Fig. 1: ACE2 expression is upregulated in intestinal cells response to amino acid deficiency.
figure 1

a CCD841 cells were incubated with control culture medium (Con) or essential amino acid (leucine, LEU; Valine, VAL; Isoleucine, ILE; Threonine, THR; Lysine, LYS; Tryptophan, TRP; Phenylalanine, PHE; Methionine, MET; Histidine, HIS) deprived culture medium for 48 h. ACE2 and p-EIF2A expression were analyzed by western blotting (left) and quantified by densitometric analysis (right). b, c 10-week-old male wild type mice were fed with control diet (NCD) or leucine deprivation diet (LDD) for 7 days. ACE2 mRNA and protein levels in colonic epithelial cells were analyzed by qRT-PCR and western blotting, respectively. Protein levels were quantified by densitometric analysis (right); A.U.: arbitrary unit. Data are expressed as the mean ± SEM (n = 5–6 per group, as indicated by scatter circles). *P < 0.05, **P < 0.01.

Furthermore, as the main symptoms caused by SARS-CoV-2 are respiratory system disorders29, we also incubated human bronchial epithelial BEAS-2B cells in a medium either free of lysine. The mRNA and protein levels of ACE2 were increased upon lysine deprivation (Supplementary Fig. 6), suggesting that EAA deficiency may promote ACE2 expression in both IECs and respiratory epithelial cells.

GCN2 regulates ACE2 expression in vitro and in vivo

GCN2 is the most well-known amino acid sensor, responding to amino acid deficiency at an early stage30. To verify its role in the regulation of ACE2 expression under amino acid deficiency conditions, we first analyzed the effects of GCN2 disruption on the expression of the SARS-CoV-2 receptor ACE2 by transfecting CCD841 cells with either small interfering RNAs (siRNAs) targeting the human GCN2 gene (siGCN2) or scramble siRNAs (siNC) for 48 h. The results showed that knockdown of GCN2 significantly decreased ACE2 mRNA levels as well as the p-EIF2A and ACE2 protein levels in the intestinal cells relative to that in control cells (Fig. 2a, b).

Fig. 2: GCN2 regulates ACE2 expression in vitro and in vivo.
figure 2

a, b CCD841 cells were transfected with control small interfering RNAs (siNC) or small interfering RNAs targeting at human GCN2 (siGCN2) for 48 h. mRNA expression of GCN2 and ACE2 were analyzed by qRT-PCR (a); GCN2, p-EIF2A, and ACE2 protein levels were analyzed by western blotting (left) and quantified by densitometric analysis (right); A.U.: arbitrary unit (b); c, d small intestinal and colonic epithelial cells isolated from 10-week-old male Gcn2-floxed mice (Con) or intestinal epithelial cell (IEC)-specific Gcn2 deletion mice (Gcn2 IKO). mRNA expression of Gcn2 and Ace2 were analyzed by qRT-PCR (c); GCN2 and ACE2 protein levels were analyzed by western blotting (top) and quantified by densitometric analysis (bottom) (d). e CCD841 cells were incubated with indicated concentration GCN2iB (HY-112654) for 48 h, then ACE2 protein levels were analyzed by western blotting (left) and quantified by densitometric analysis (right). Data are expressed as the mean ± SEM (n = 3–6 per group, as indicated by scatter circles). *P < 0.05, **P < 0.01.

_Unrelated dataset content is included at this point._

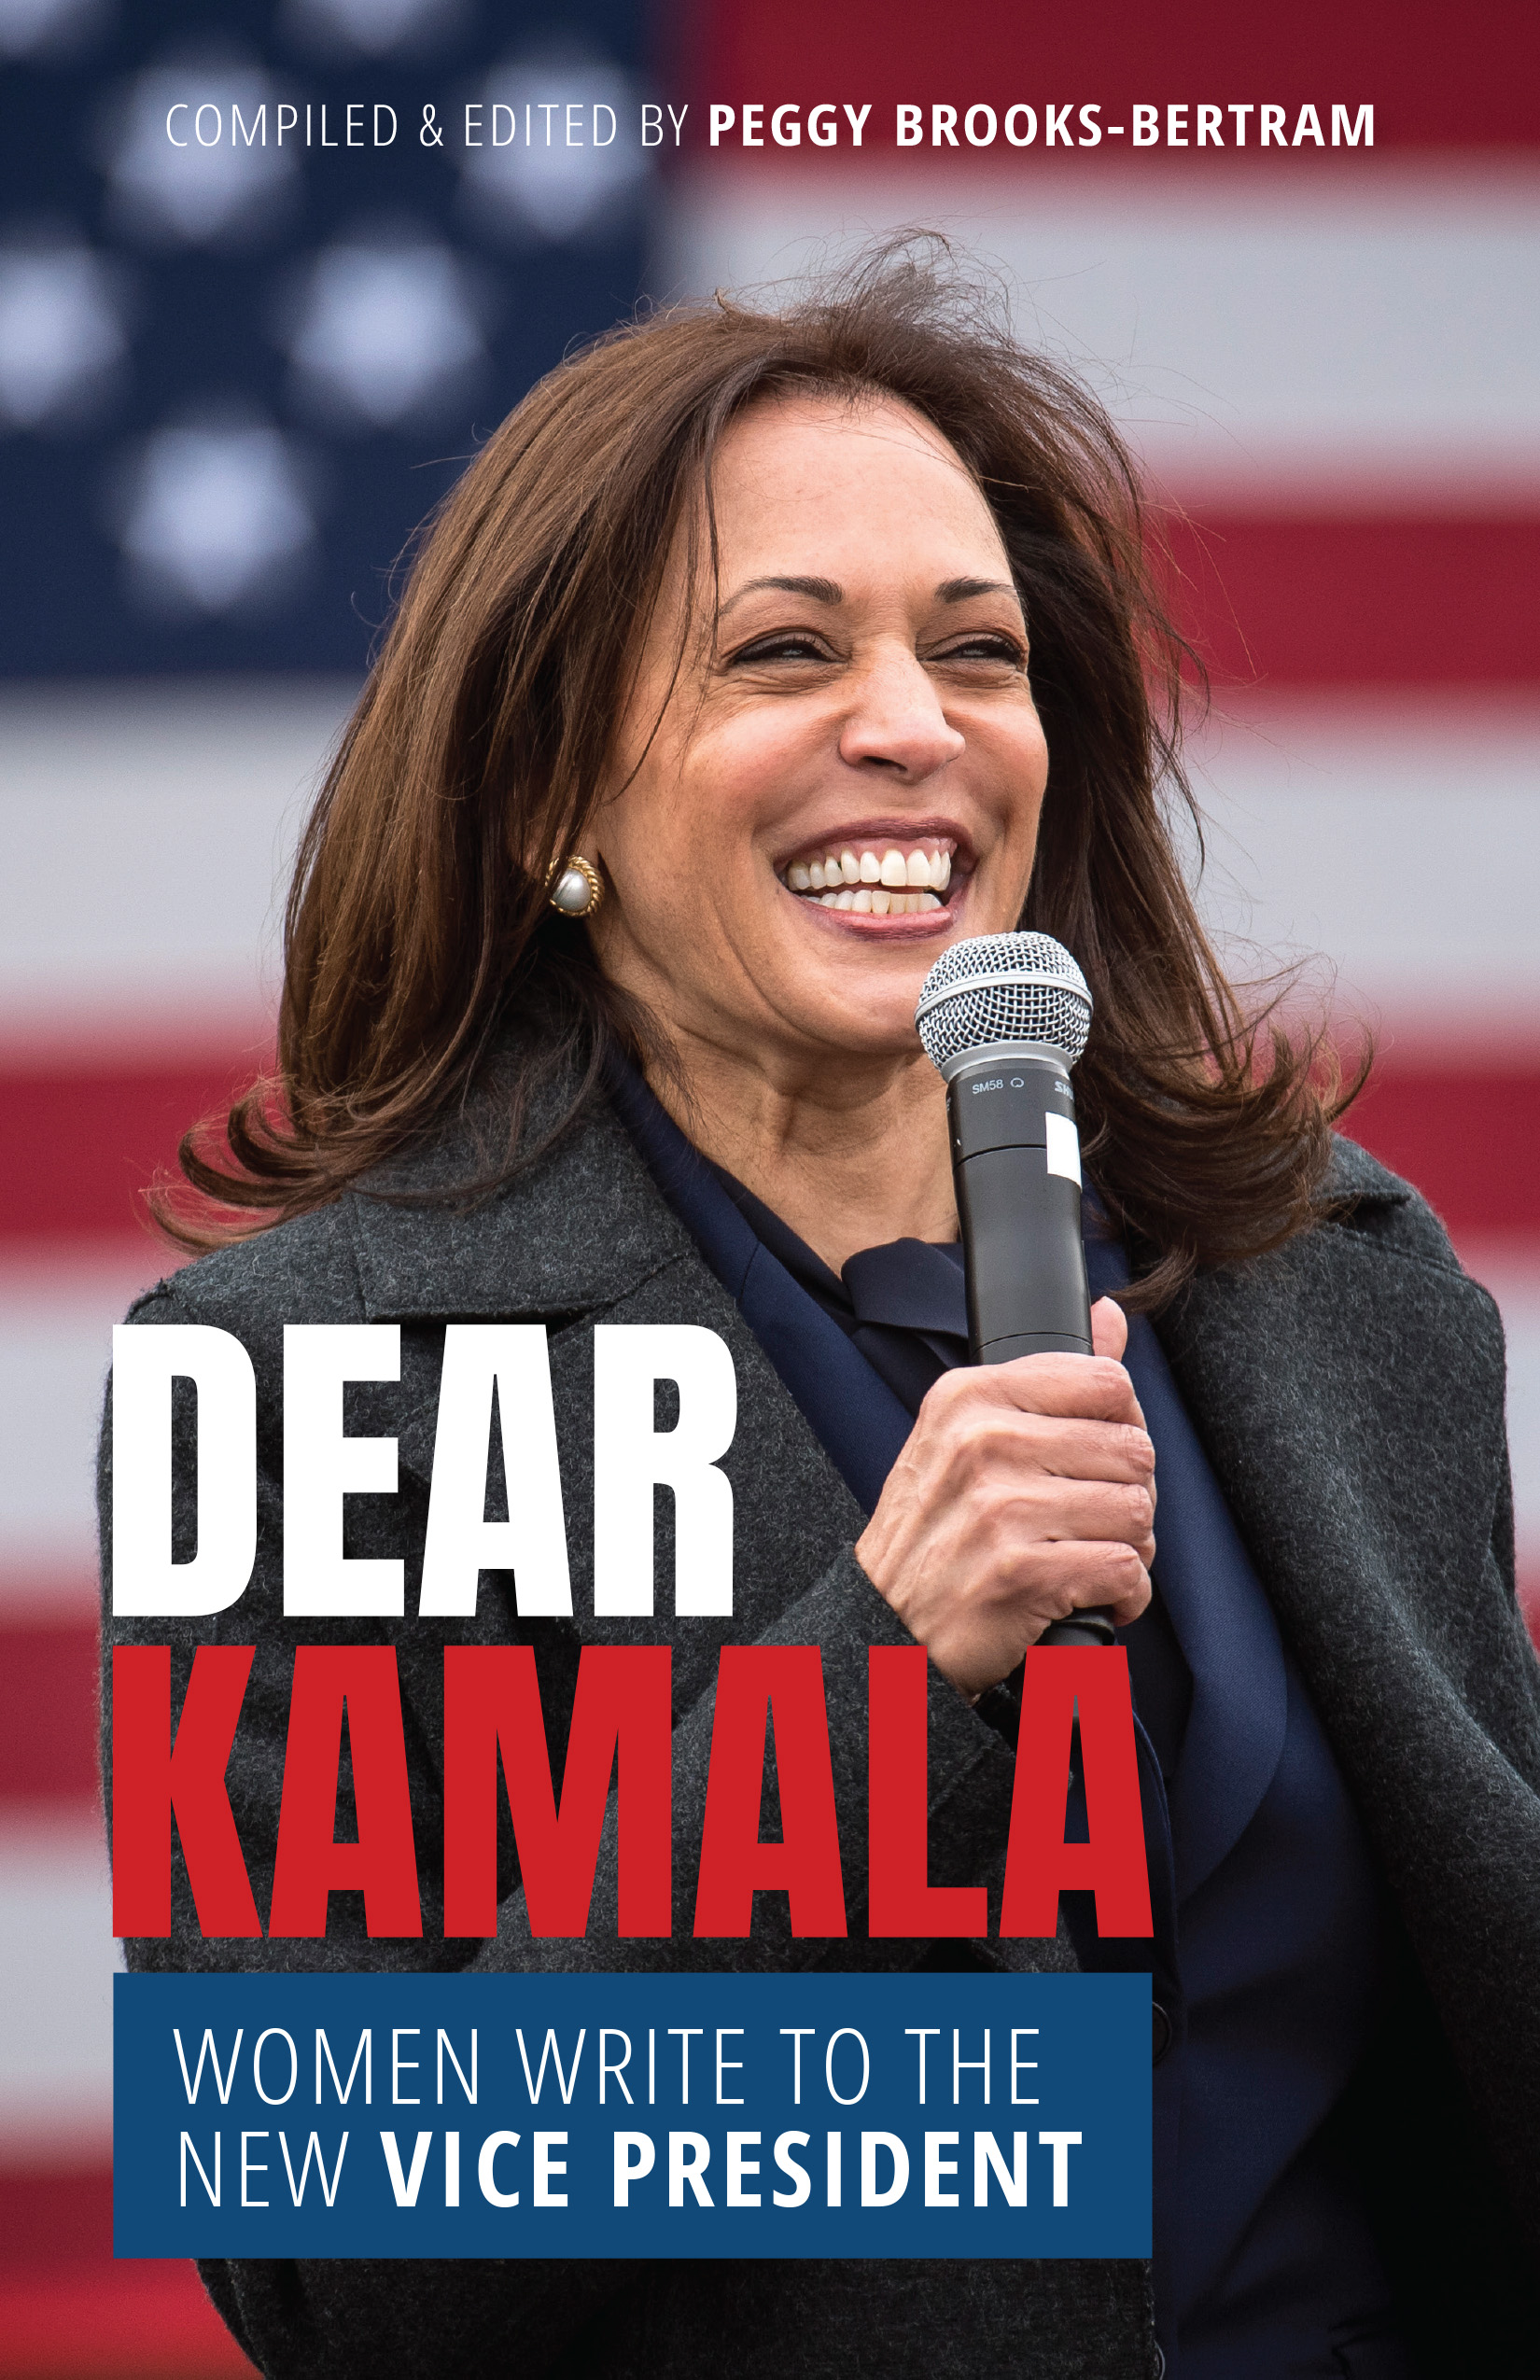 Dear Kamala: Women Write to the New Vice President

To further explore the regulatory role of GCN2 on ACE2 expression in vivo, we constructed IEC-specific Gcn2 knockout (Gcn2 IKO) mice. In these mice, the mRNA and protein levels of GCN2 were negligible in both the small intestine and colon but not changed in lung, stomach, or kidney (Fig. 2c, d and Supplementary Fig. 7a,b), indicating the specificity of villin cre mice. The mRNA and protein levels of ACE2 in the colon were also significantly decreased (Fig. 2c, d). However, although the mRNA of Ace2 decreased in the small intestine of these mice, the protein levels remain unchanged (Fig. 2c, d), suggesting that GCN2 might regulate ACE2 expression in the colon specifically. Collectively, these results indicate that GCN2 regulates ACE2 expression in IECs, especially in the colon.

Notably, we further evaluated the role of three GCN2 inhibitors namely GCN2iB31, GCN2-IN-1 (compound A-92)32, and GZD82433 on ACE2 protein expression in CCD841 cells. Consistent with the effects of GCN2 knockdown, both GCN2iB and GCN2-IN-1 decreased the protein levels of ACE2, whereas GZD824 had no obvious effect on its expression (Fig. 2e and Supplementary Fig. 8).

Increased ACE2 expression in response to leucine deprivation is dependent on GCN2

To verify whether the induction of ACE2 expression by leucine deprivation was dependent on GNC2, we first transfected CCD841 cells with either siNC or siGCN2 for 12 h, and then incubated them with either control or leucine-free culture medium for 48 h. Both the mRNA and protein levels of ACE2 were induced by leucine deprivation, whereas these effects were compromised by GCN2 knockdown (Fig. 3), indicating that the upregulation of ACE2 expression in response to leucine deprivation was dependent on GCN2.

Fig. 3: Increased ACE2 expression in response to leucine deprivation is dependent on GCN2.
figure 3

a, b CCD841 cells were transfected with control small interfering RNAs (siNC) or small interfering RNAs targeting at human GCN2 (siGCN2). After 12 h, cells were incubated with either control (Con) or leucine-deprived culture medium ((−) LEU) for 48 h. The mRNA and protein expression of GCN2 and ACE2 were analyzed by qRT-PCR and western blotting, respectively. Protein quantified by densitometric analysis (right); A.U.: arbitrary unit. Data are expressed as the mean ± SEM (n = 4–6 per group, as indicated by scatter circles). *P < 0.05, **P < 0.01.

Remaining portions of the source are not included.